By Greg L | 31 December 2007 | 13th HOD District, Virginia Politics, US Senate | 15 Comments

Northern Virginia will collect an estimated $335 million additional tax revenue annually beginning tomorrow under the provisions of last year’s transportation compromise.  The new taxes affect car rentals, hotel stays, car repairs, and real estate transfers and impose new fees on vehicle licensing and registrations.  Should everything work according to plan, this money will supposedly be used to finance transportation infrastructure improvements in Northern Virginia.  A major problem with this plan, though, is that it depends on the outcome of a legal challenge to the law that authorized these new taxes that was filed by Delegate Bob Marshall.  Should Marshall win, and there’s a strong possibility that he will, it’s going to be interesting to see how the NVTA will manage to refund tax payments that it unlawfully collected and what this will do to Marshall’s expected run for the United States Senate.

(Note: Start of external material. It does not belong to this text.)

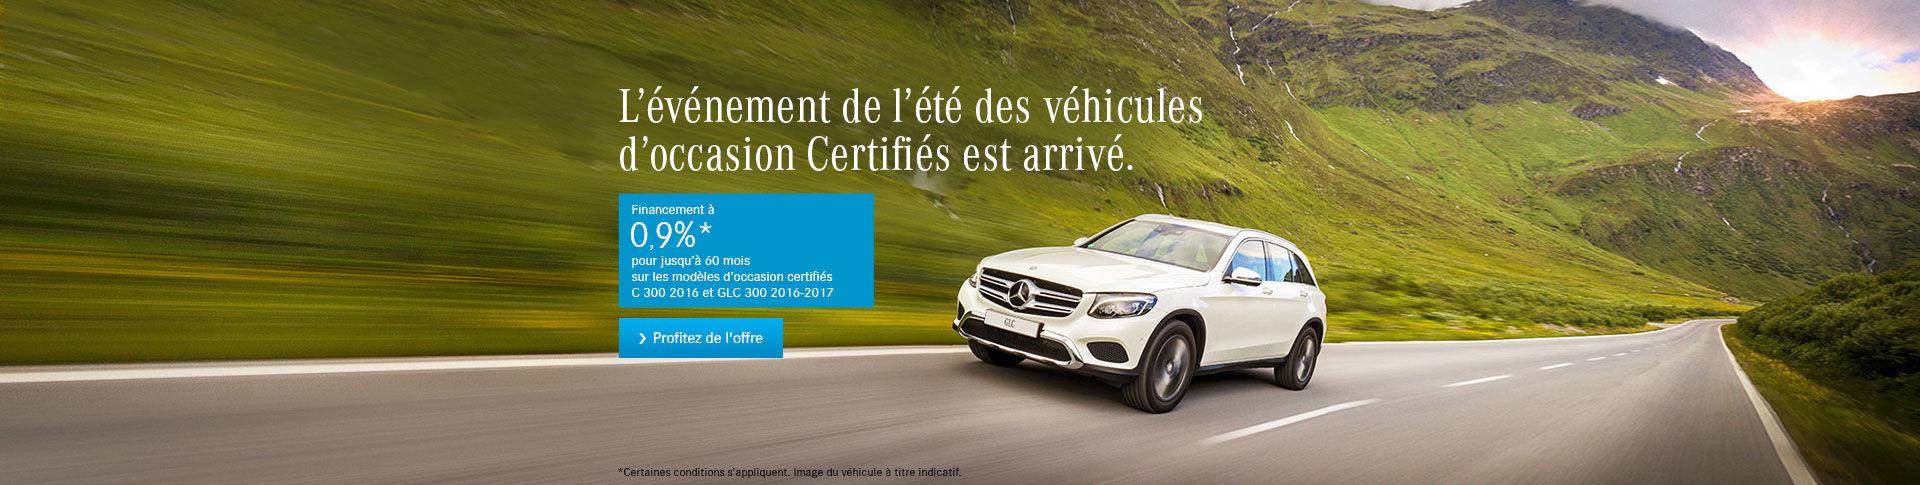 Mercedes Événement Occasion Certifiés

Bob Marshall’s lawsuit objects to the establishment of the Northern Virginia Transportation Authority as an agency with the power to impose and collect taxes on state constitutional grounds.  In Virginia, only elected officials can impose taxes, and none of the decision makers on the NVTA are directly elected, but are appointed by local governing bodies.  Some aren’t elected by anyone at all.  A hearing on the lawsuit is scheduled for January 8th, and while Hampton Roads deferred collection of these new taxes until April — allowing the legal basis for these taxes to be settled before they start collecting them, the NVTA is plowing ahead anyways.  It’s an awfully risky move for the NVTA.  If they lose, it’s going to be a huge mess.

The other fallout here if the NVTA gets caught operating in an unconstitutional manner is that Delegate Bob Marshall, who is almost certain to make a bid for the United States Senate this year, is going to pull off another incredibly high-profile victory.  As author of the wildly popular Marshall-Newman Marriage Amendment, he’s got solid credentials on moral issues to take on the campaign trail.  If he manages a win on protecting the constitution from unlawful attempts to hike taxes, his credentials as a fiscal conservative will be stratospheric.  But the fallout of a victory here could easily be much larger than that.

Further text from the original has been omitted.